The tower section of the building rises 13 or 14 stories from the base. The 22nd-story setback has obelisks at each corner. The three highest stories of the tower are surrounded by a colonnade with Ionic columns. The tower is topped by a ziggurat-style pyramid that was inspired by the Mausoleum at Halicarnassus. The pyramid was added when the building was expanded in the 1920s, with its finial rising 480 ft above ground level. It serves not only as a steam vent but also as an allusion to the Greek god Hephaestus. The pyramid contains a cauldron that initially was lit by four kerosene lamps; this signified the fact that Standard Oil's founders, the Rockefeller family, made their first profits from kerosene.
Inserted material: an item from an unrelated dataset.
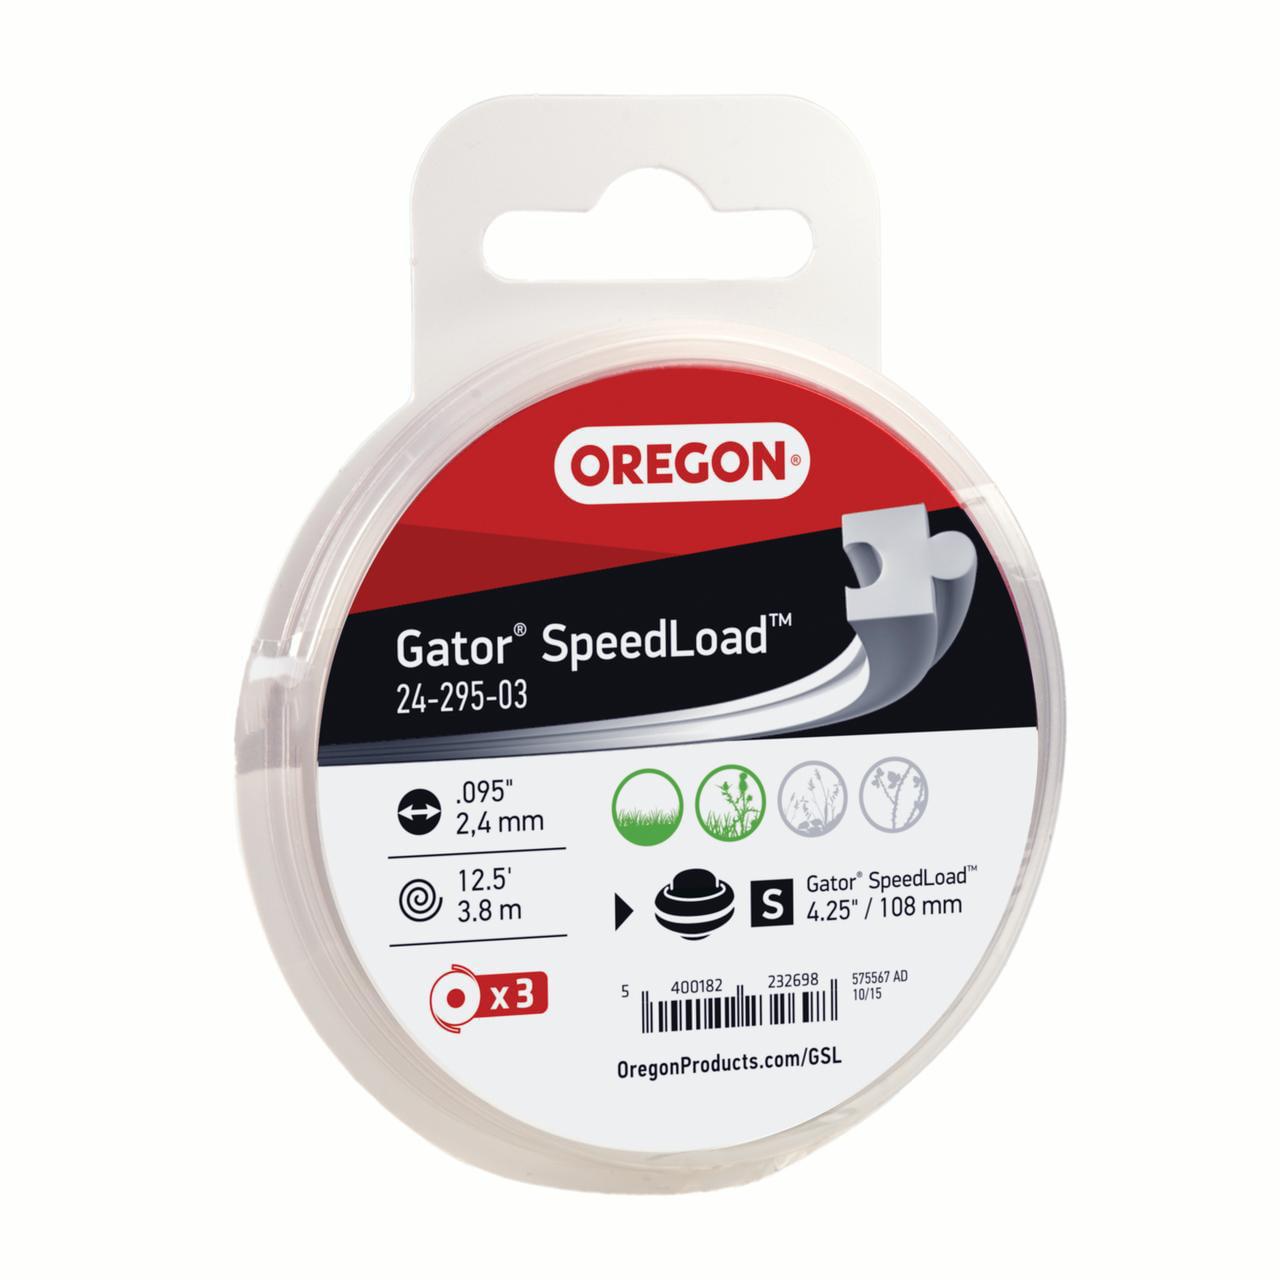 Gator SpeedLoad,SM Disk,.095,3Pk
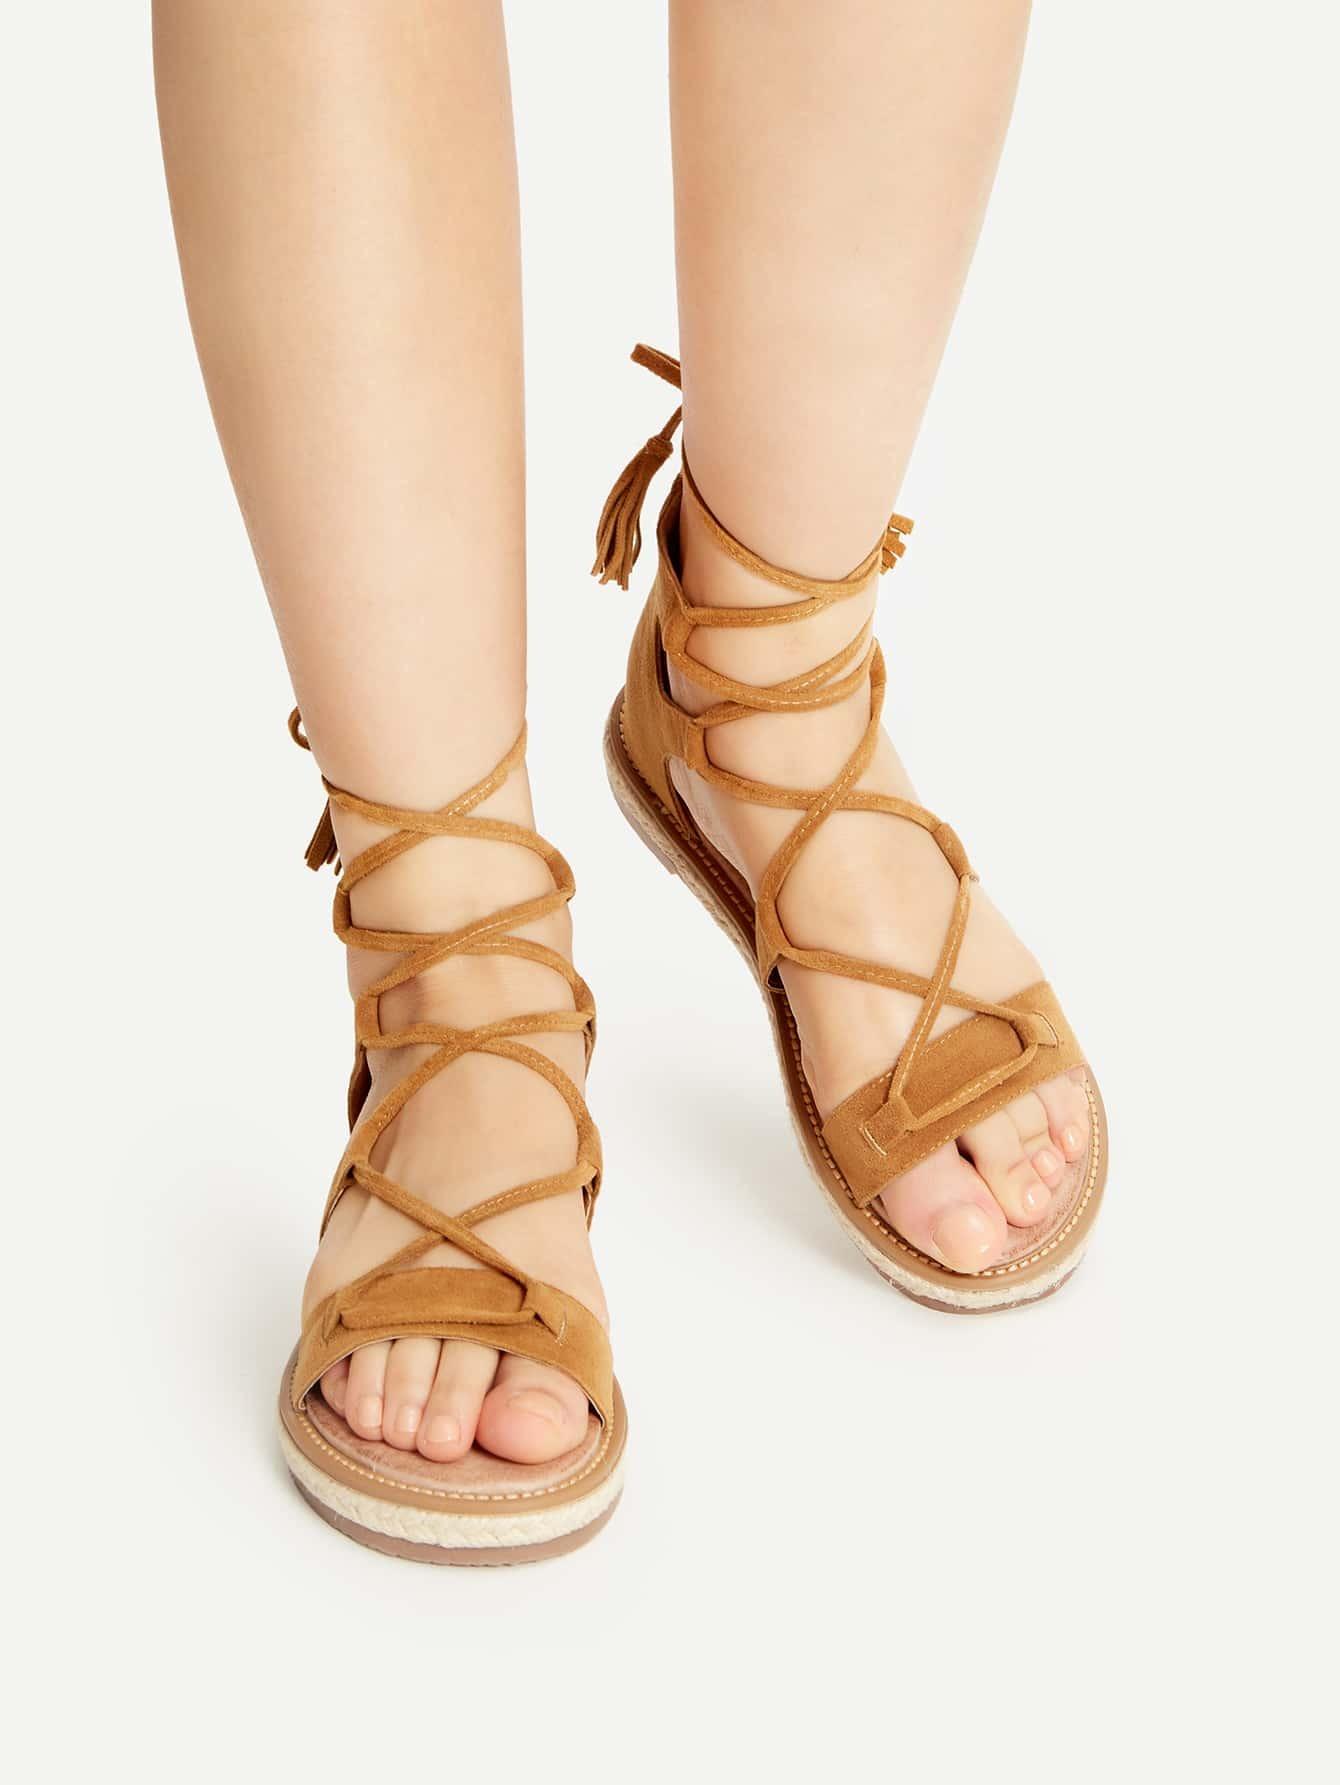 bebc218544ec Brown Lace Up Espadrille Flat Sandals With Tassel EmmaCloth-Women ...

The cauldron's light was extinguished after 1956.

=== Foundation ===
The modern building was constructed in several phases around the preexisting buildings. The buildings were occupied by numerous tenants, who were allowed to temporarily stay in place due to the dearth of office space in Lower Manhattan in the 1920s. The structures included the Welles Building at 14-20 Broadway, at the modern building site's western boundary; the New York Produce Exchange at Broadway and Beaver Street, on the site's southwest corner; the Lisbon Building at Beaver and New Streets, at the site's southeast corner; and a five-story Childs Restaurants location in the middle of the block on Beaver Street, on the southern boundary. The original Standard Oil structure was on the northern boundary of the site.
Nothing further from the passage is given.